SOURCE MATERIAL ::

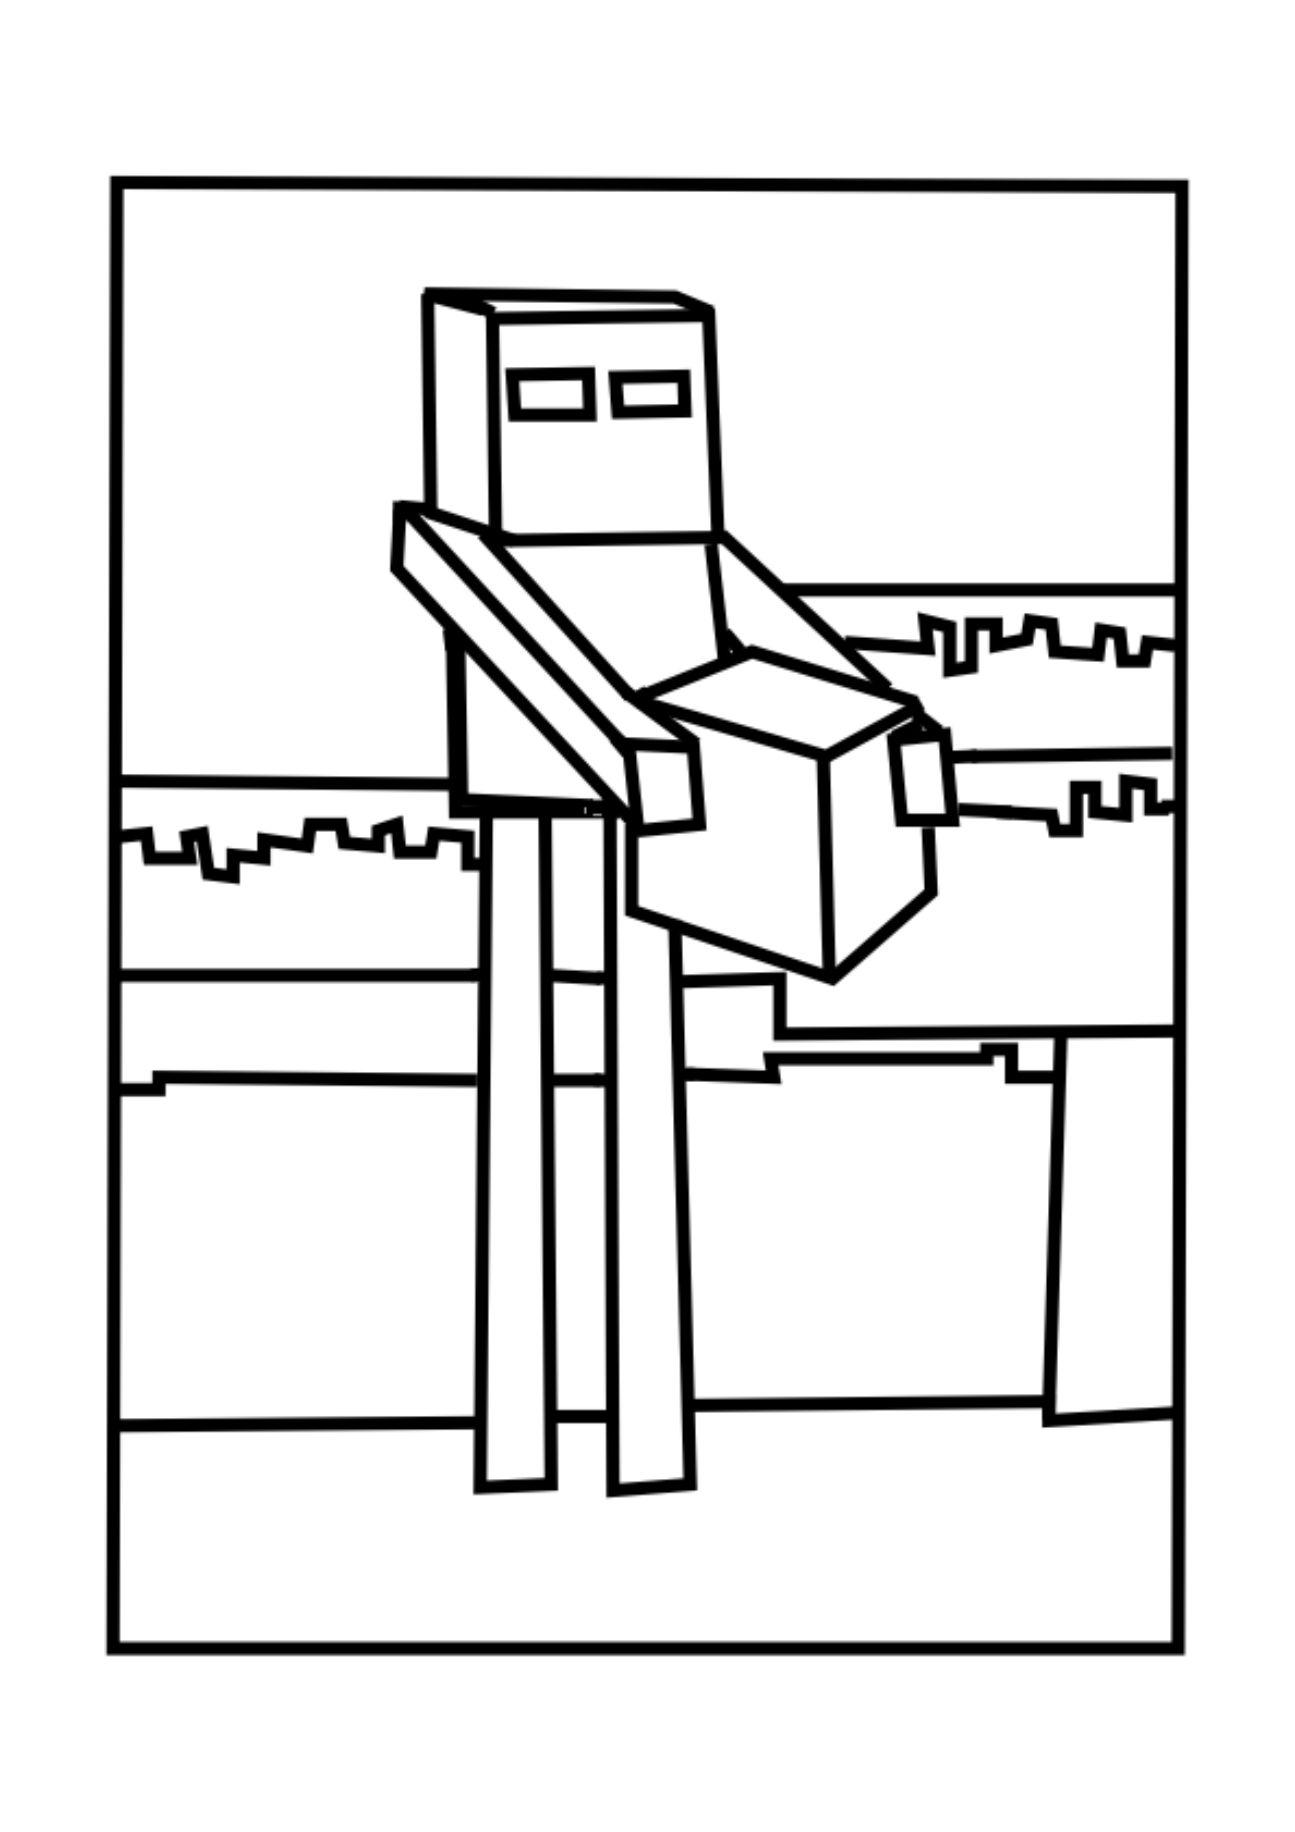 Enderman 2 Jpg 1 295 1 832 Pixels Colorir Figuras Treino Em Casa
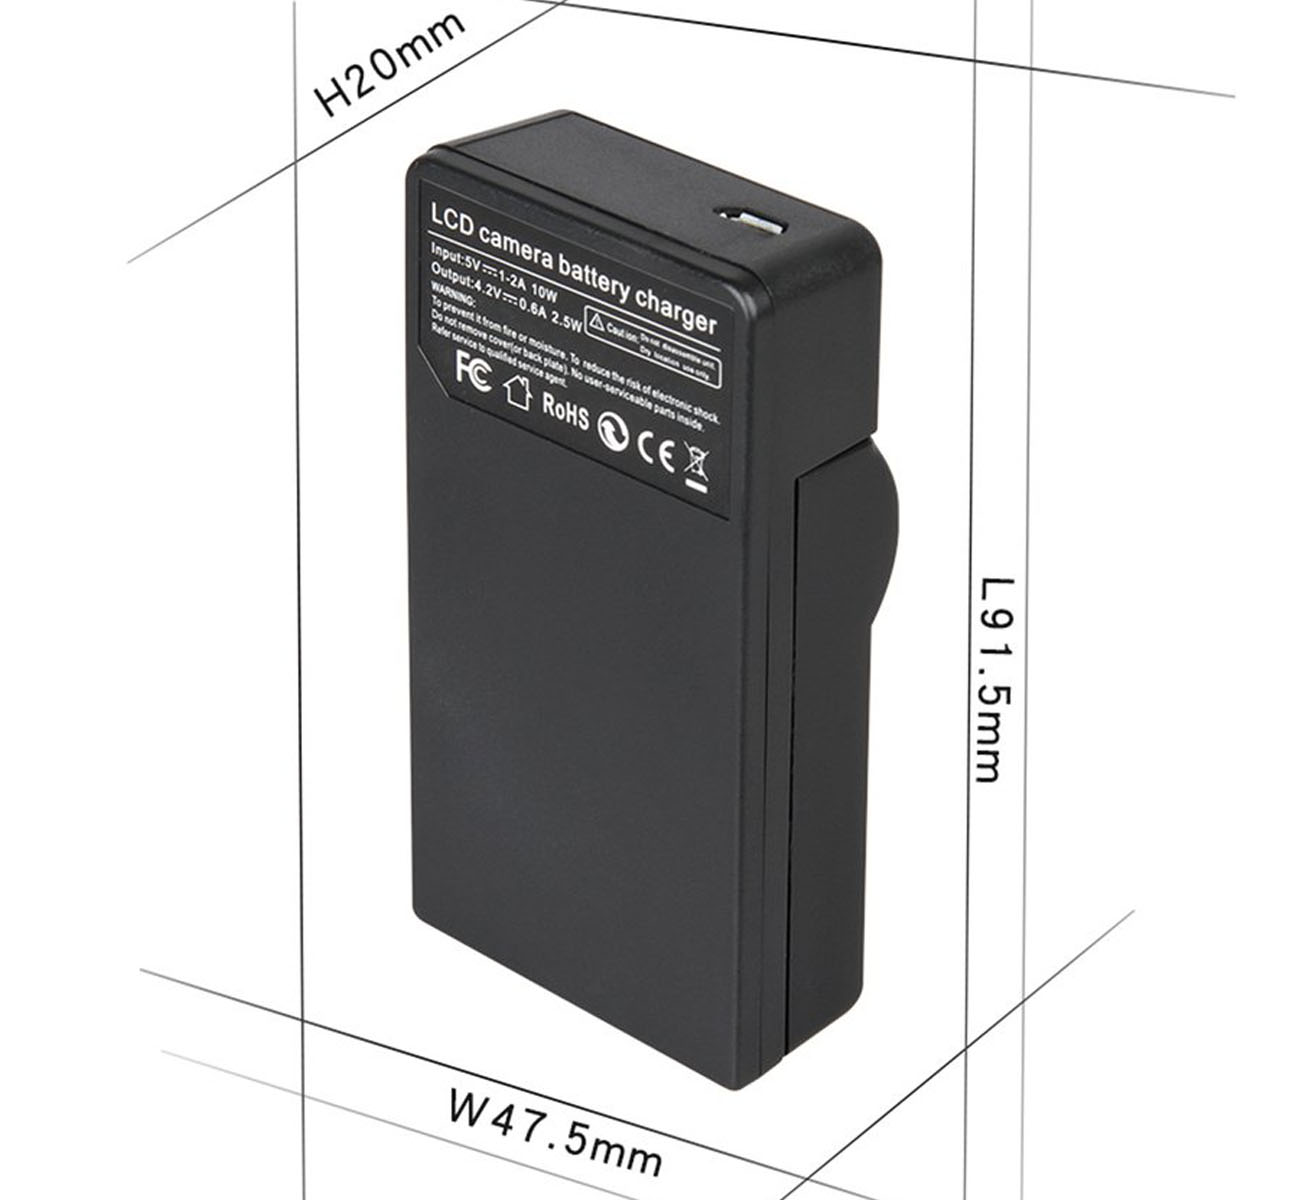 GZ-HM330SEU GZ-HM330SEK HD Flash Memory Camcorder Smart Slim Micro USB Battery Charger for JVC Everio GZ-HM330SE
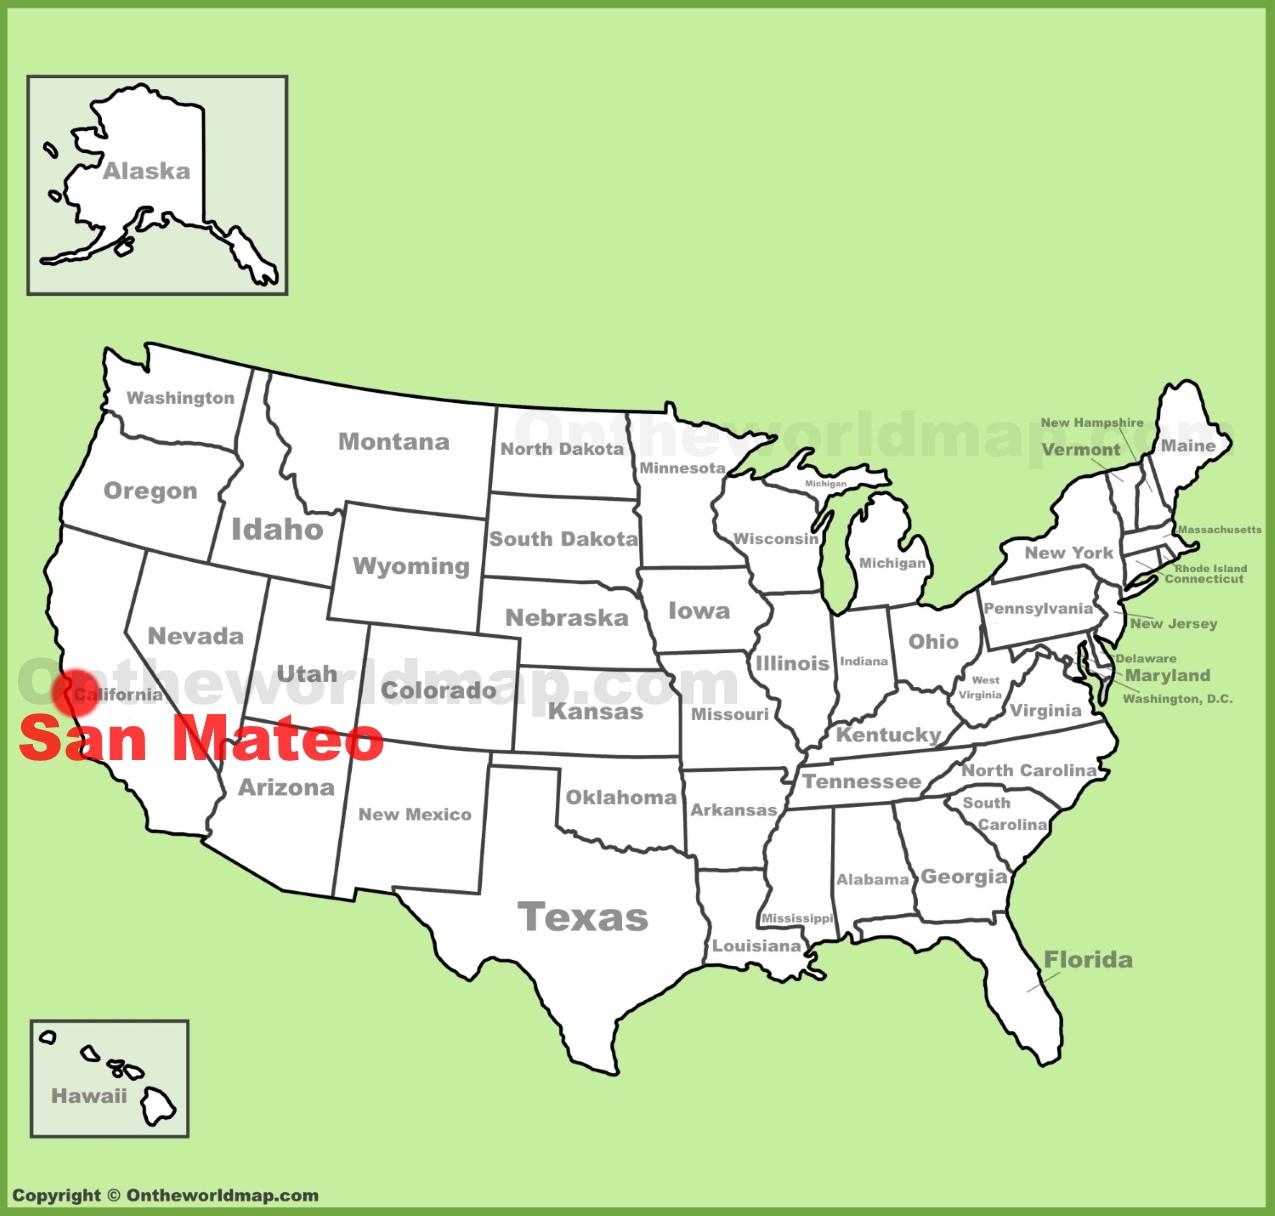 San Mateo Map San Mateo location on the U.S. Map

INSTRUCTIONS FOR THE TASK :: Transcribe all of the data above verbatim but omit every picture.

EXPECTED OUTPUT ::
 Enderman 2 Jpg 1 295 1 832 Pixels Colorir Figuras Treino Em Casa
 GZ-HM330SEU GZ-HM330SEK HD Flash Memory Camcorder Smart Slim Micro USB Battery Charger for JVC Everio GZ-HM330SE
 San Mateo Map San Mateo location on the U.S. Map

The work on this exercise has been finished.